Per prepararsi al primo, grande passo sulla Luna, gli astronauti Neil Armstrong e Buzz Aldrin (e poi tutti i moonwalker dopo di loro) si addestrarono sia in una base in prossimità del Grand Canyon sia in un antico cratere da impatto, il Meteor Crater, uno dei meglio conservati sulla Terra. Ambienti "lunari" del tutto naturali che ancora oggi sono frequentati dagli astronauti che presto potrebbero calcare il suolo della Luna. Si racconta che nel cratere Aldrin abbia strappato la tuta spaziale su di una formazione rocciosa che, da allora, per l'appunto si chiama "roccia dei pantaloni strappati": fantasioso o meno, pare che l'incidente obbligò la Nasa a rivedere alcune caratteristiche delle tute.
Quintali di dinamite. In prossimità delle stesse aree la NASA e l'U.S. Geological Survey (il Servizio geologico degli Stati Uniti) realizzarono anche "ambienti lunari" ad hoc, facendo saltare quintali di dinamite per creare crateri che replicassero la superficie della Luna.
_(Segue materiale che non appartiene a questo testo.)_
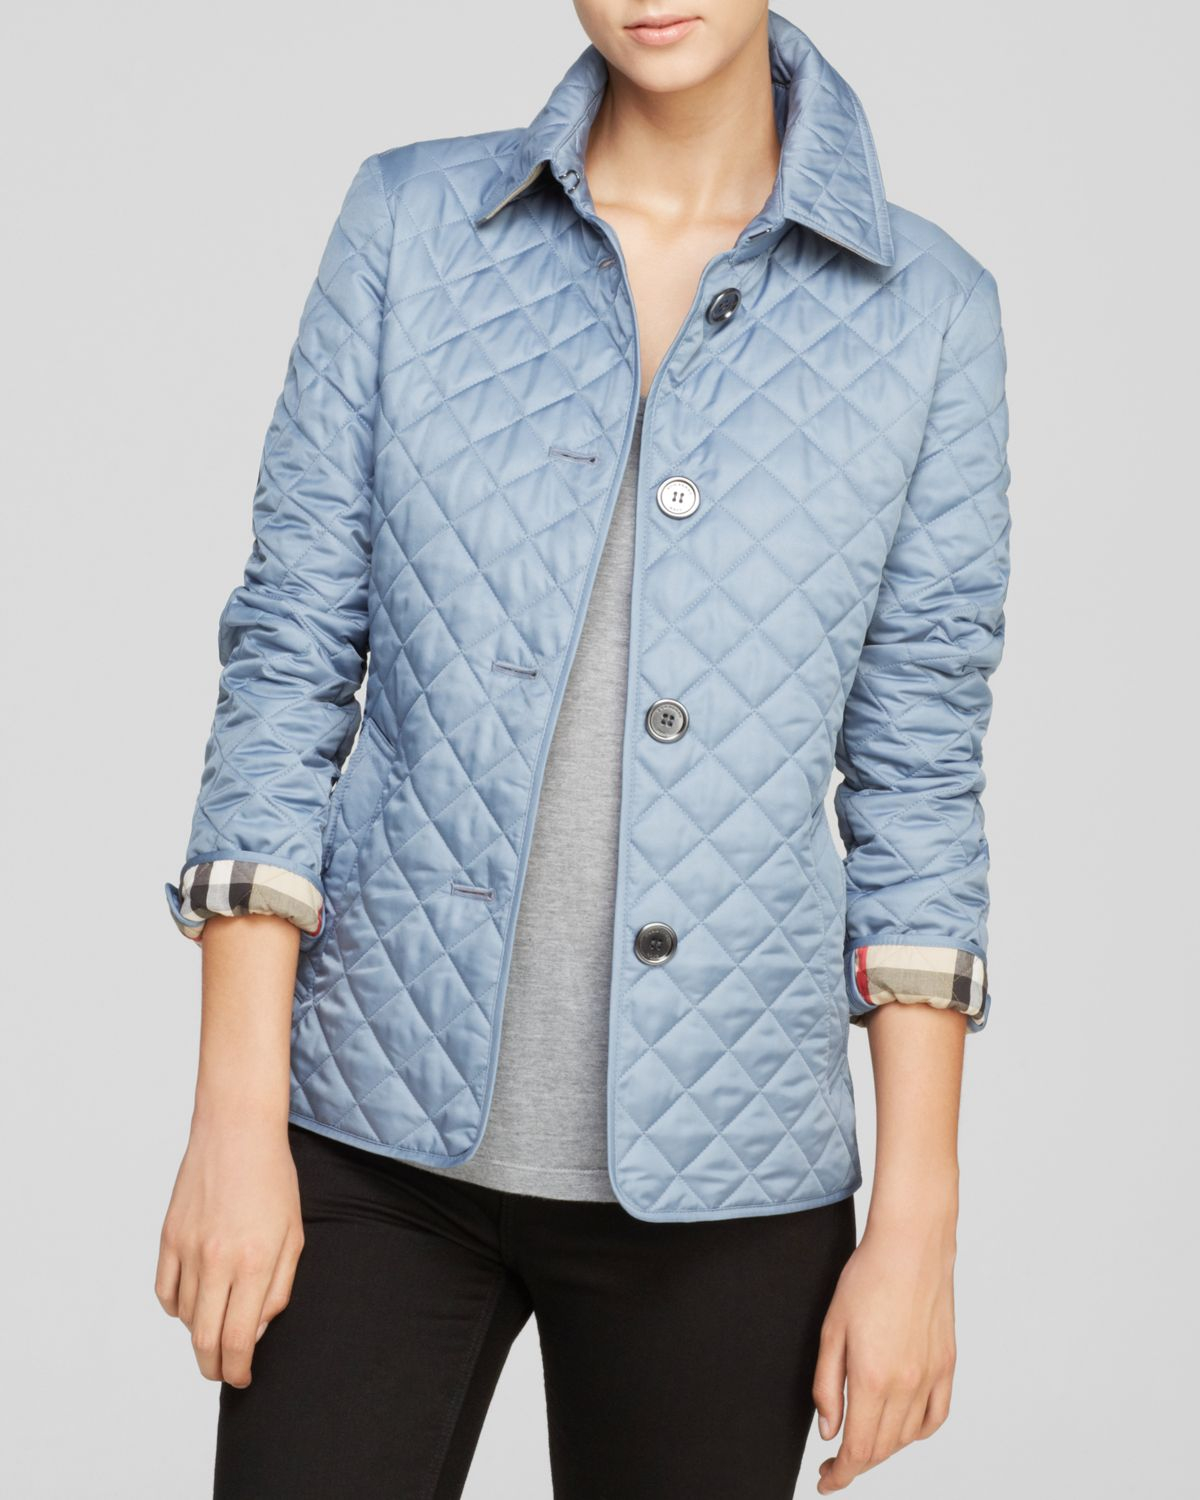 Burberry Brit Diamond Quilted Jacket in 
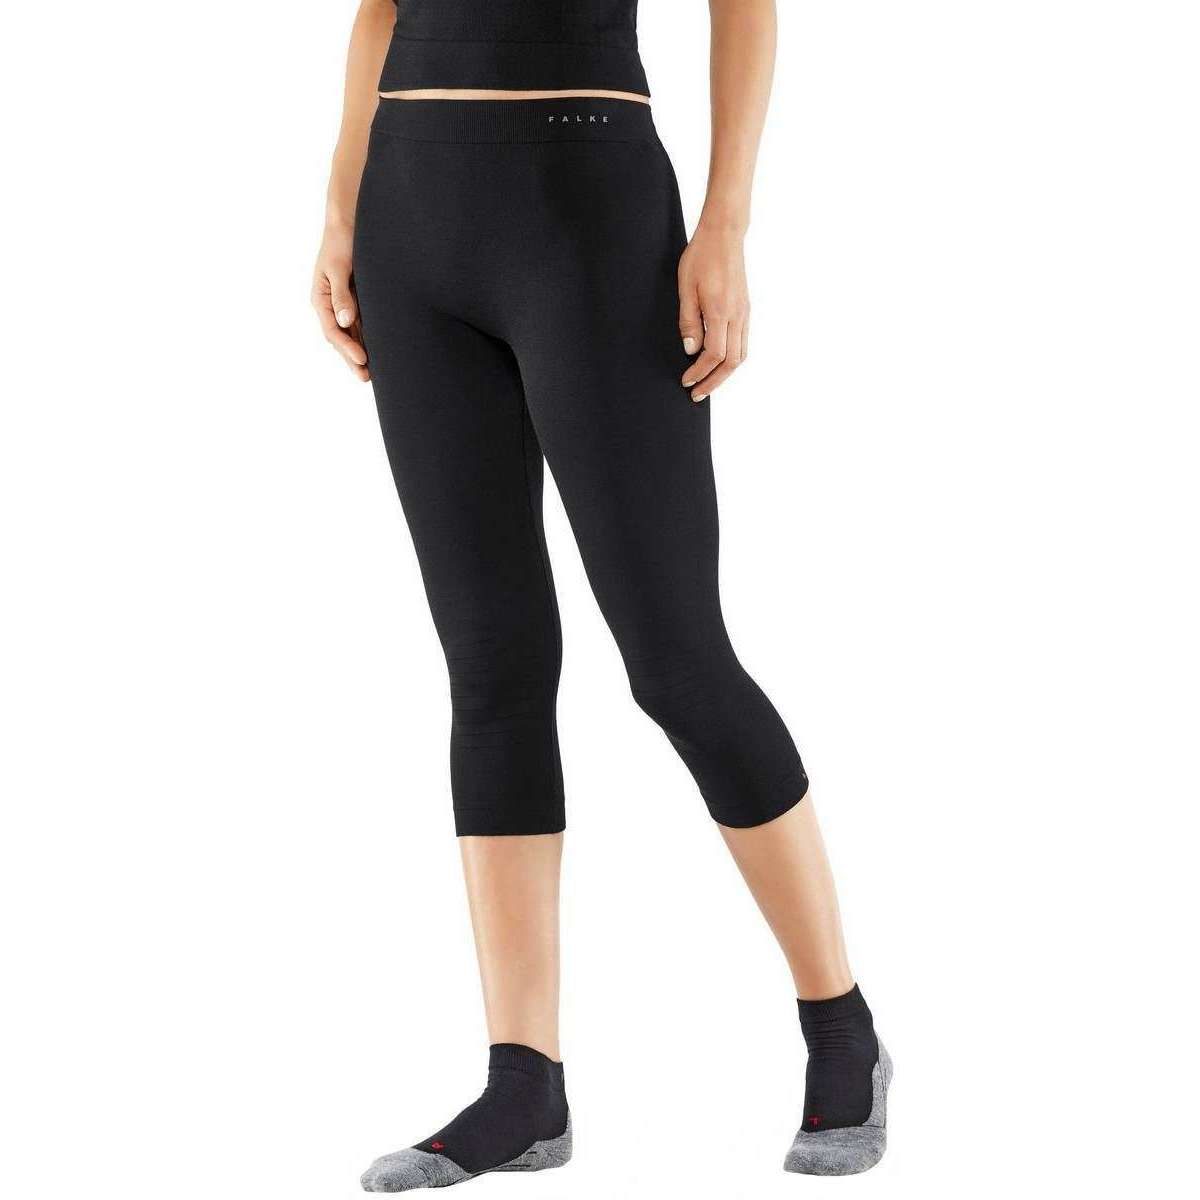 WoolTech Tights in Black

In particolare, guidati da una sorta di cartografia per immagini realizzata nel corso delle missioni Apollo 8 e 10, gli esperti coordinati da Gene Shoemaker (uno degli scopritori della cometa che nel 1994 impattò su Giove), cercarono di ricostruire (per quanto possibile) l'esatta morfologia del sito di atterraggio previsto per l'Apollo 11, nel Mare della Tranquillità, dove allunarono gli astronauti di Apollo 11.
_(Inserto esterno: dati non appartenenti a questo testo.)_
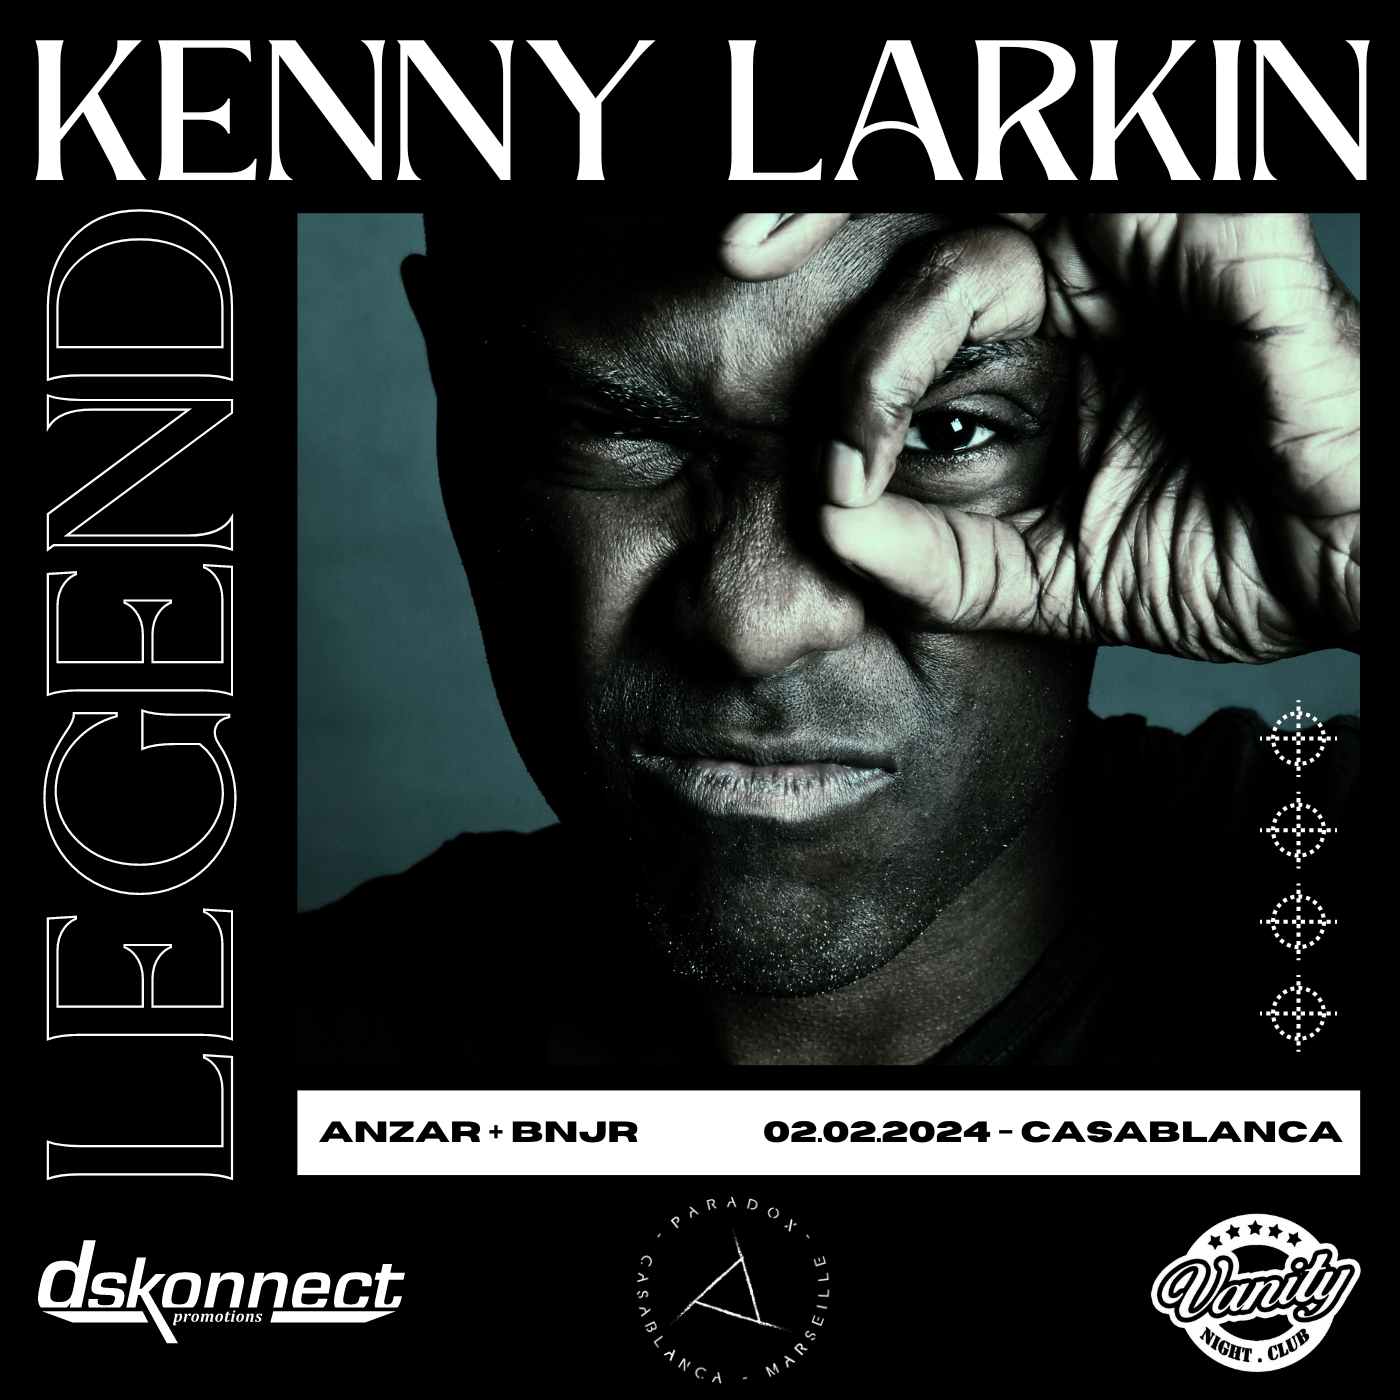 Artwork of Paradox event with Kenny Larkin on Feb 2, 2024 at Vanity Club

In quella "Luna sulla Terra" gli astronauti hanno provato gli strumenti che avrebbero portato con loro, dalle semplici pinze - utilizzate poi per raccogliere campioni - ai rover, come testimoniano le numerose fotografie arrivate fino a noi grazie agli archivi Nasa: oggi, tra quei crateri si incontrano gli astronauti della classe 2017, candidati per le future missioni lunari e marziane. Lo Stato dell'Arizona ha proposto di chiudere ai test alcuni di quei siti per trasformarli in luoghi "archeologici sacri".